**Source material:**
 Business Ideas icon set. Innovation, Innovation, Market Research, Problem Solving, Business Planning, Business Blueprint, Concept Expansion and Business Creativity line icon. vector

==

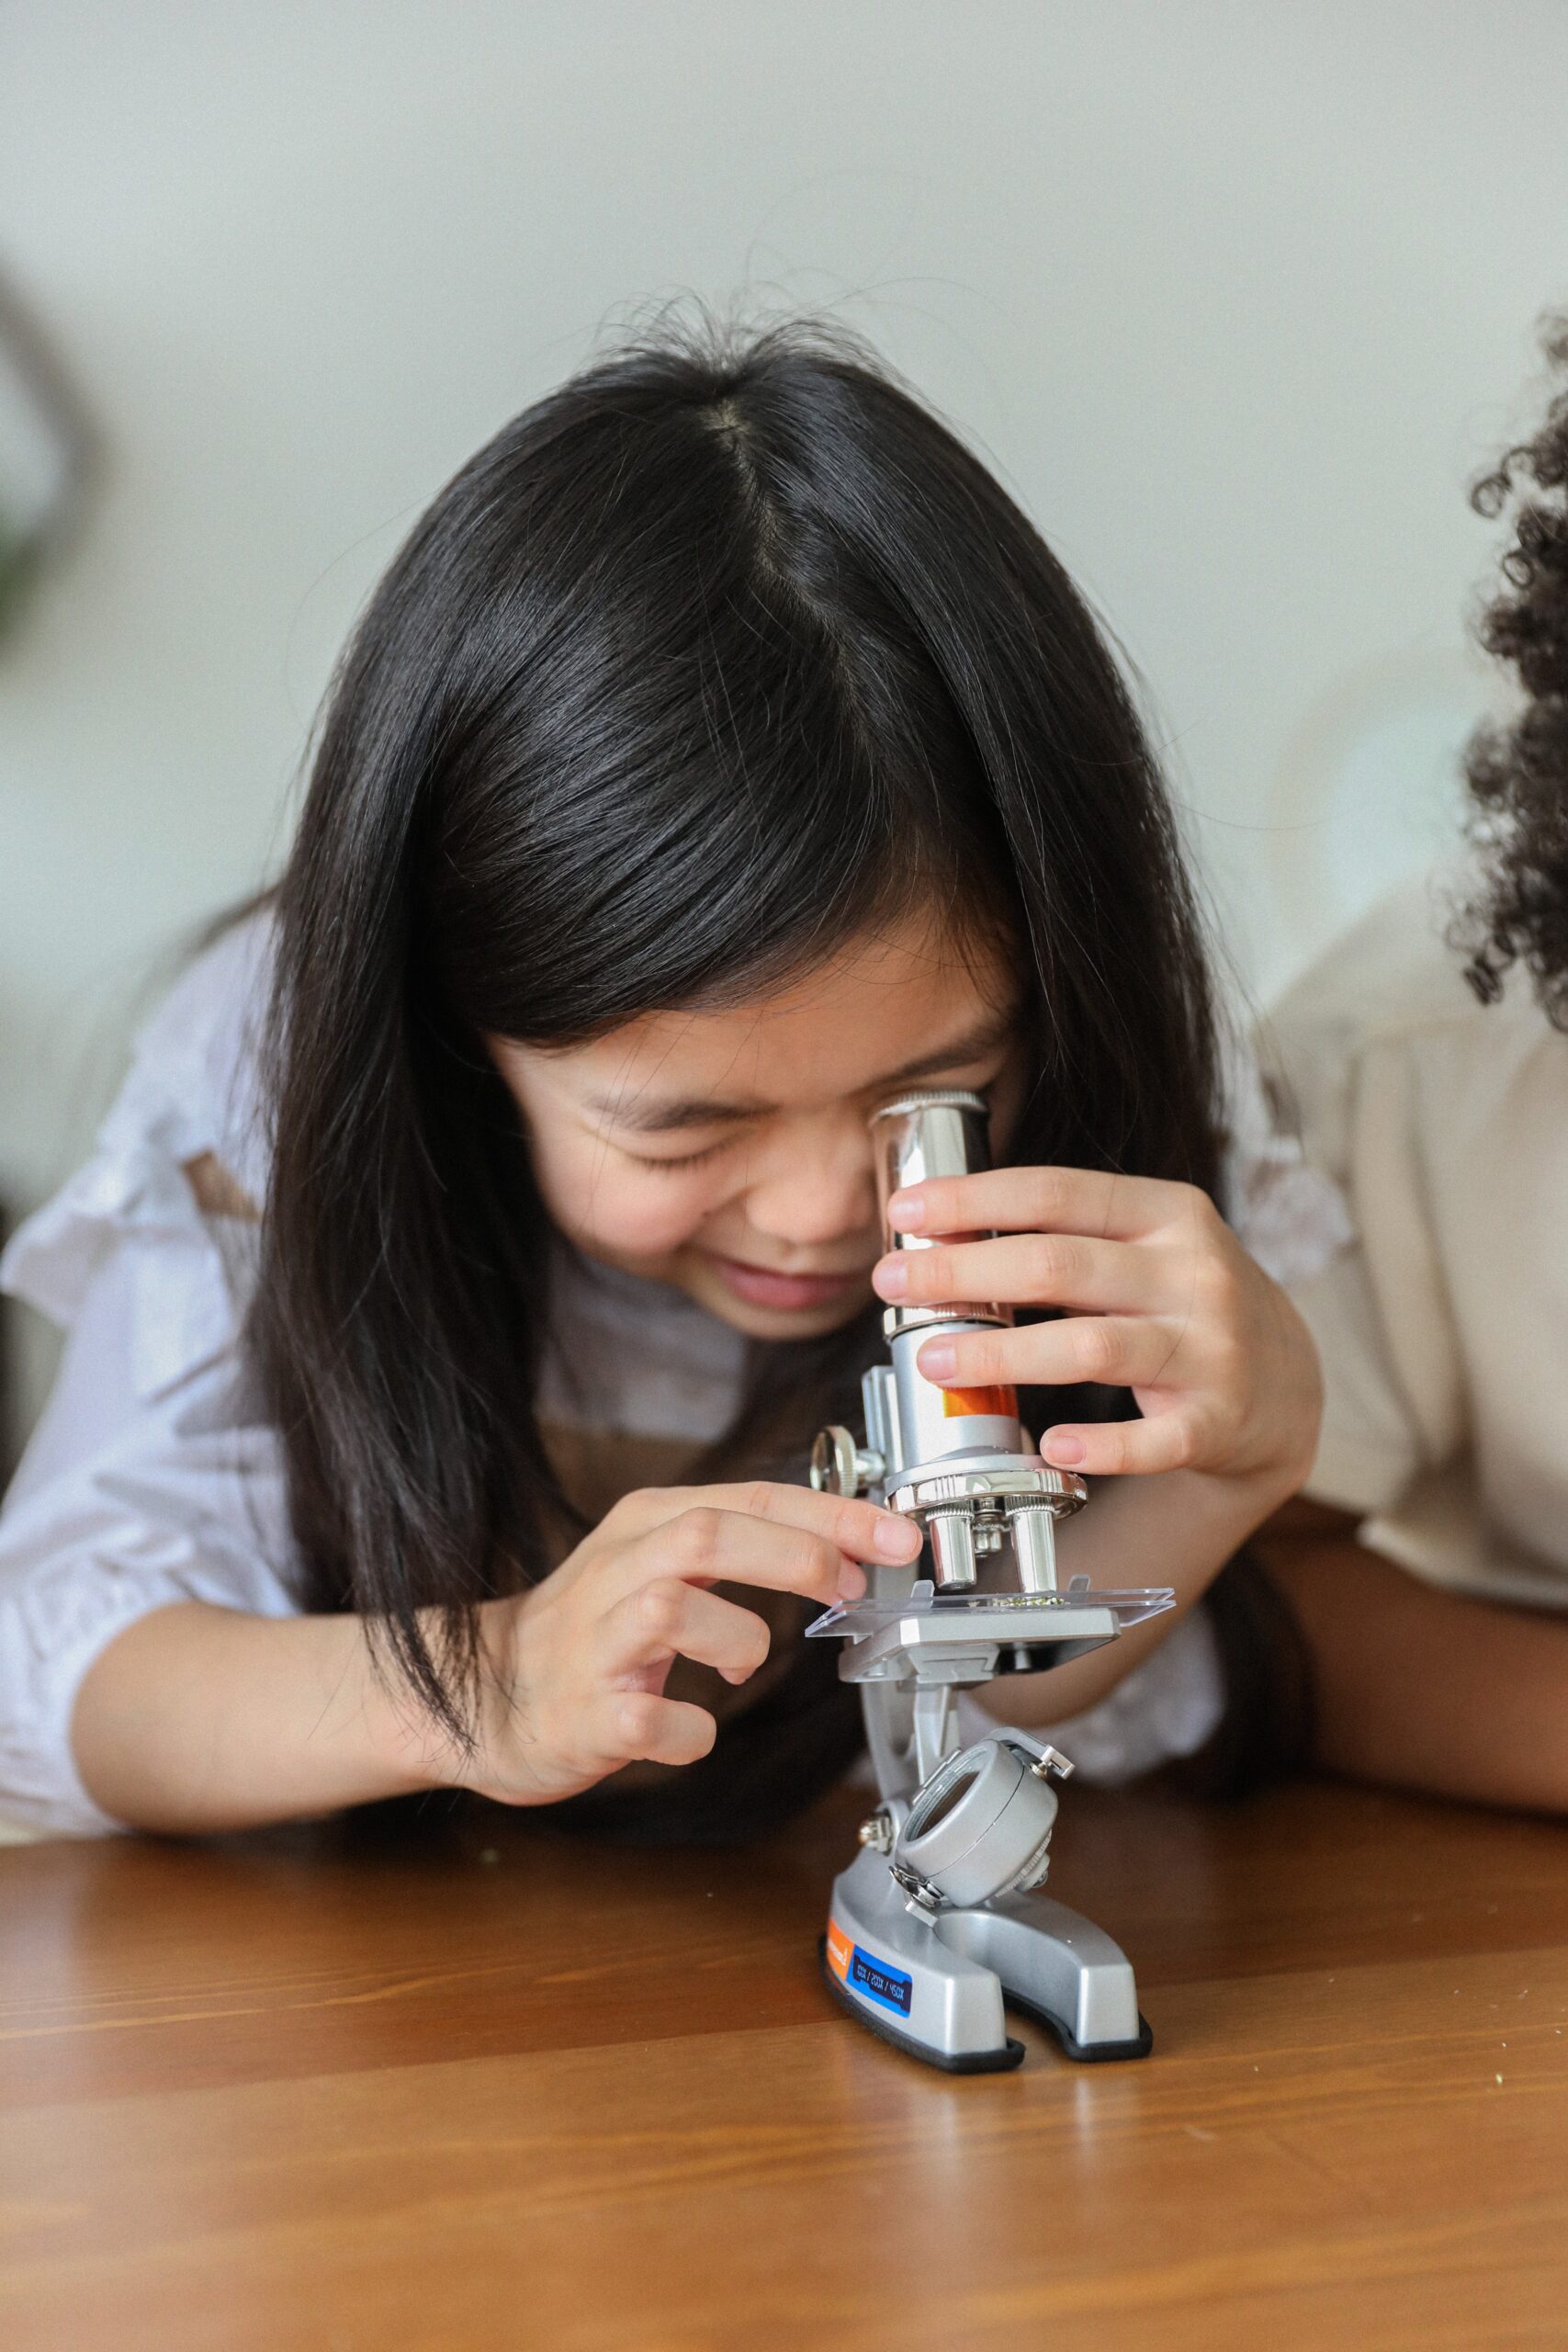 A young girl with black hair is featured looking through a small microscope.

==

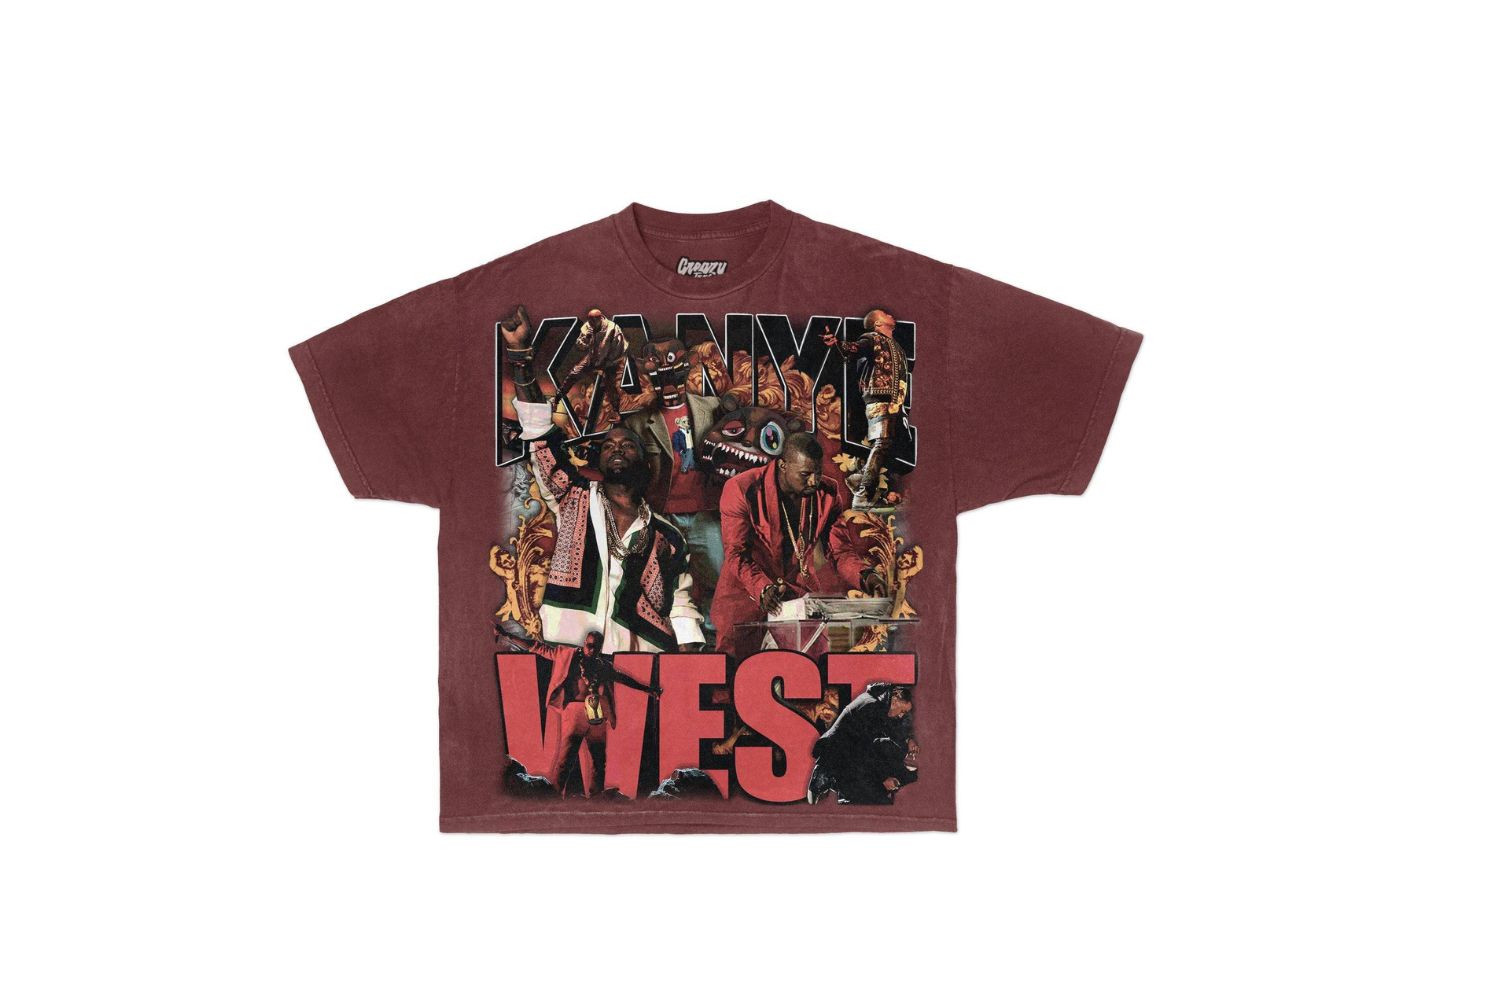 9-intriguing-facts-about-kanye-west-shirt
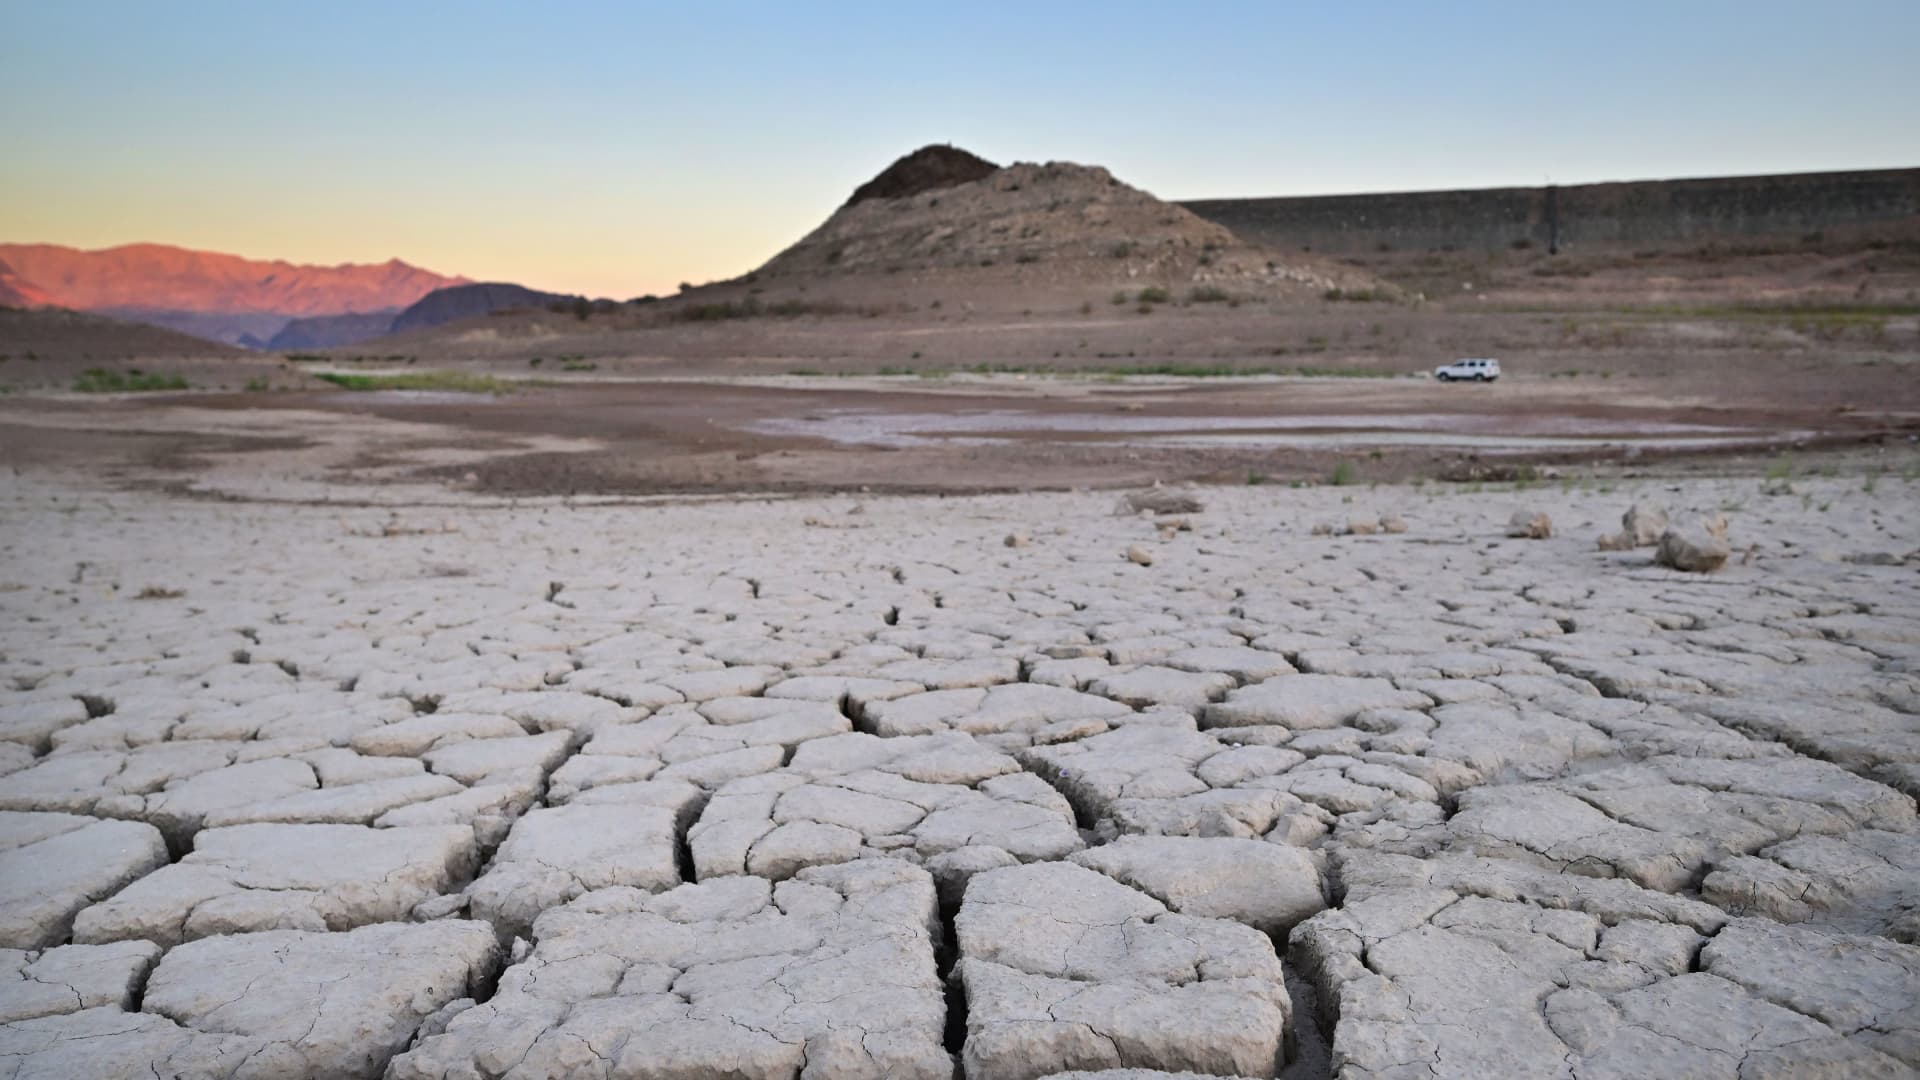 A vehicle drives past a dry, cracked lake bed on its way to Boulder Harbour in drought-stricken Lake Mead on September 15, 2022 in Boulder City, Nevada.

**Your instructions:**
Output exactly the lines above, beginning at the one with "9-intriguing-facts-about-kanye-west-shirt" and stopping after the one with "A vehicle drives". Pictures are to be omitted.

**Task response:**
 9-intriguing-facts-about-kanye-west-shirt
 A vehicle drives past a dry, cracked lake bed on its way to Boulder Harbour in drought-stricken Lake Mead on September 15, 2022 in Boulder City, Nevada.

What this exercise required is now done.